I kept it small and without a lot of detail so you could see closely what I was doing.  The reason I listed headings even though I was going to delete them later, is that it provided me a mental picture of what would be scheduled in that "perfect week" and how to space them evenly.  For example, if i were to do  history 3x a week, like you see on the schedule, if it were a regular schedule, M, W, F, would work just fine, but since its a loop schedule, the Friday history would be really close in proximity to the Monday history, so what i did was schedule History at the end of monday, and the middle of wednesday, and the beginning of friday.   After that, I added in other subjects where they fit best.  

Step 2.   Remove all the days of the week.  Number each item (optional) 

Here's what mine looks like. 

I could BARELY fit it with the snipping tool, so you'll see it started to cut off "nature study"

This gives you a list to work from. 

Step 3. Convert to a circle visual (optional)

I am omitting this step for me, because I think the list will work just fine- but if you'd like a visual, this is the idea.  It shows you also the problems i ran into trying to schedule straight on the circle and why a list, at least in the beginning is preferable.  

Step 4: Make lists of each subject

Finally you just need to make a list of each topic and what you will cover.  I've not done this part yet, and i might just "wing it" but i suspect that it will work better if its brainless- So i'll eventually end up making lists, and I'd urge you to do so as well.  OR just do the next thing in the subjects where its already brainless, like if you use just one math book.  (I like to complicate things by using several, plus living math literature)

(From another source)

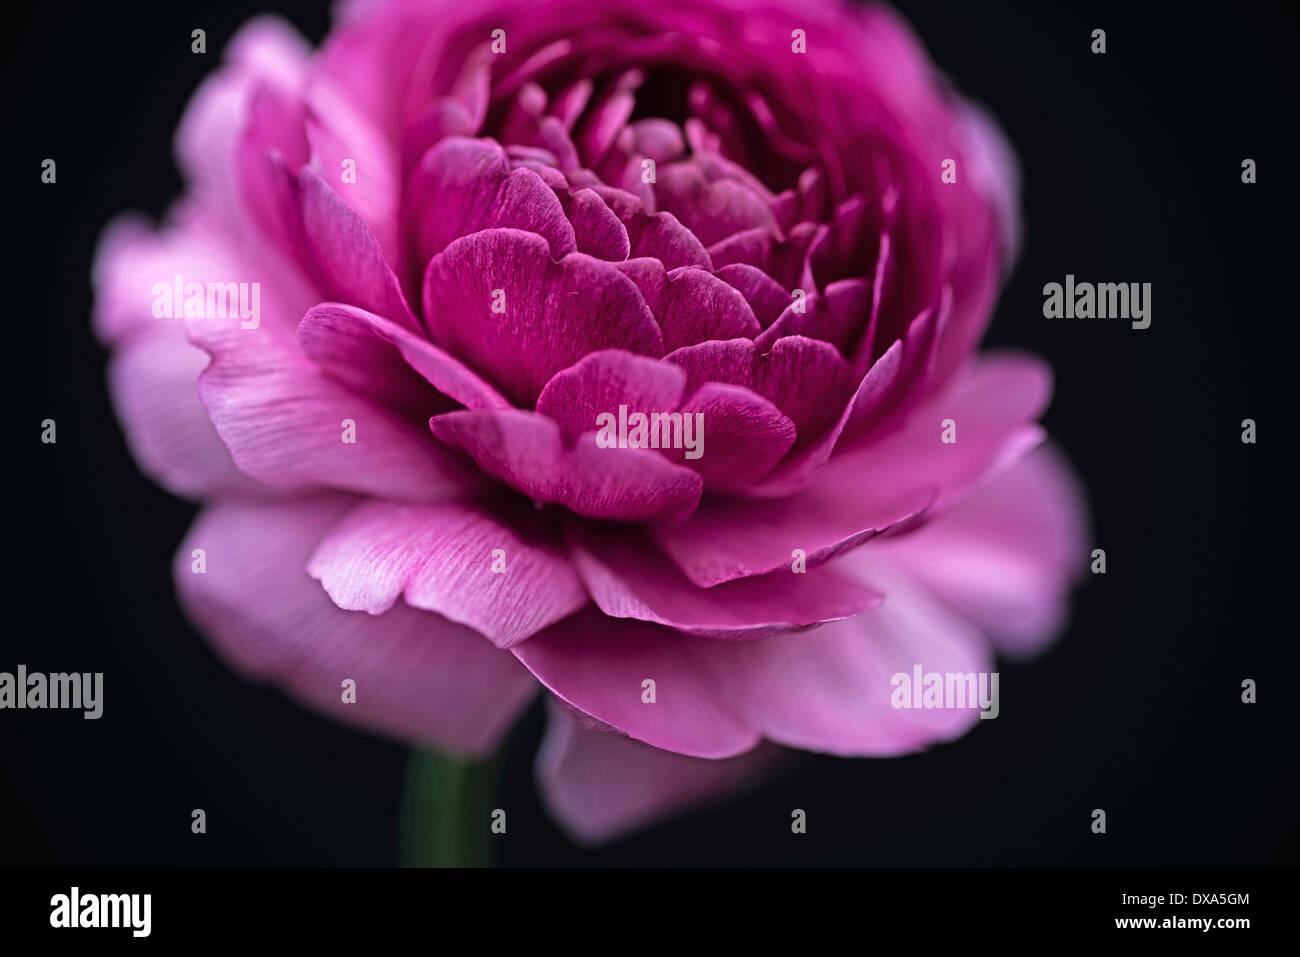 Ranucuclus persian buttercup a ranunculus asiaticus dark pink ranucuclus persian buttercup a ranunculus asiaticus dark pink flower against a solid black background mightylinksfo
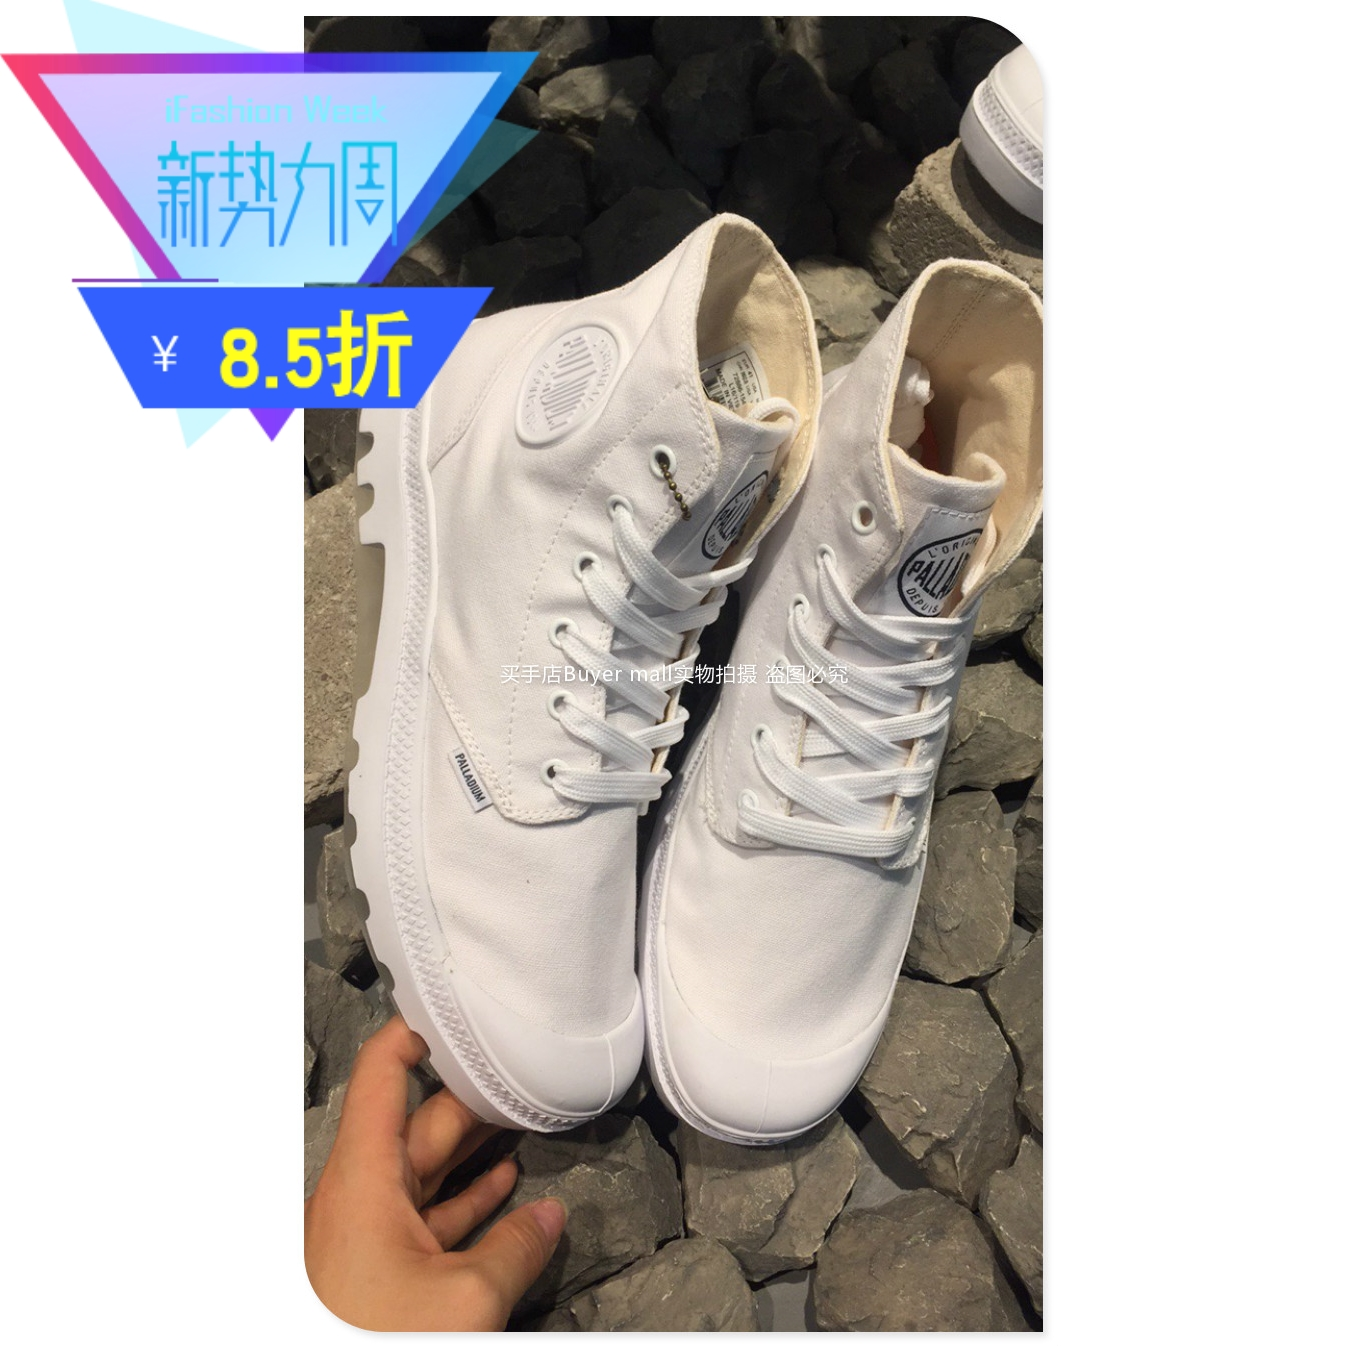 PALLADIUM帕拉丁流行男鞋帆布鞋女鞋中高帮情侣鞋军靴PDQH8S116U

How to use your loop schedule

Now that you have a loop schedule, you are all set.  Start on number one.  Go through as much as you want to on that day.  Start over the next day where you leave off.   *IMPORTANT*  At the start of the next week, take over where you left off, NOT at the beginning of the list or else you will miss out on whatever you didn't get done.  

One final note-  You may decide there are subjects you just plain want to be sure to cover every day.  For us those subjects are  Bible, including Bible study, memorization, and alternating days we do Biblical history and Biblical Worldview.   So we'd start our loop schedule after the daily items.  You may decide LA and Math need  to be done daily, which is totally fine.  Do them before you start the loop!  

Other blog posts on Loop Scheduling

Thanks for reading and good luck scheduling!  I'll post later as to how well its working for us!!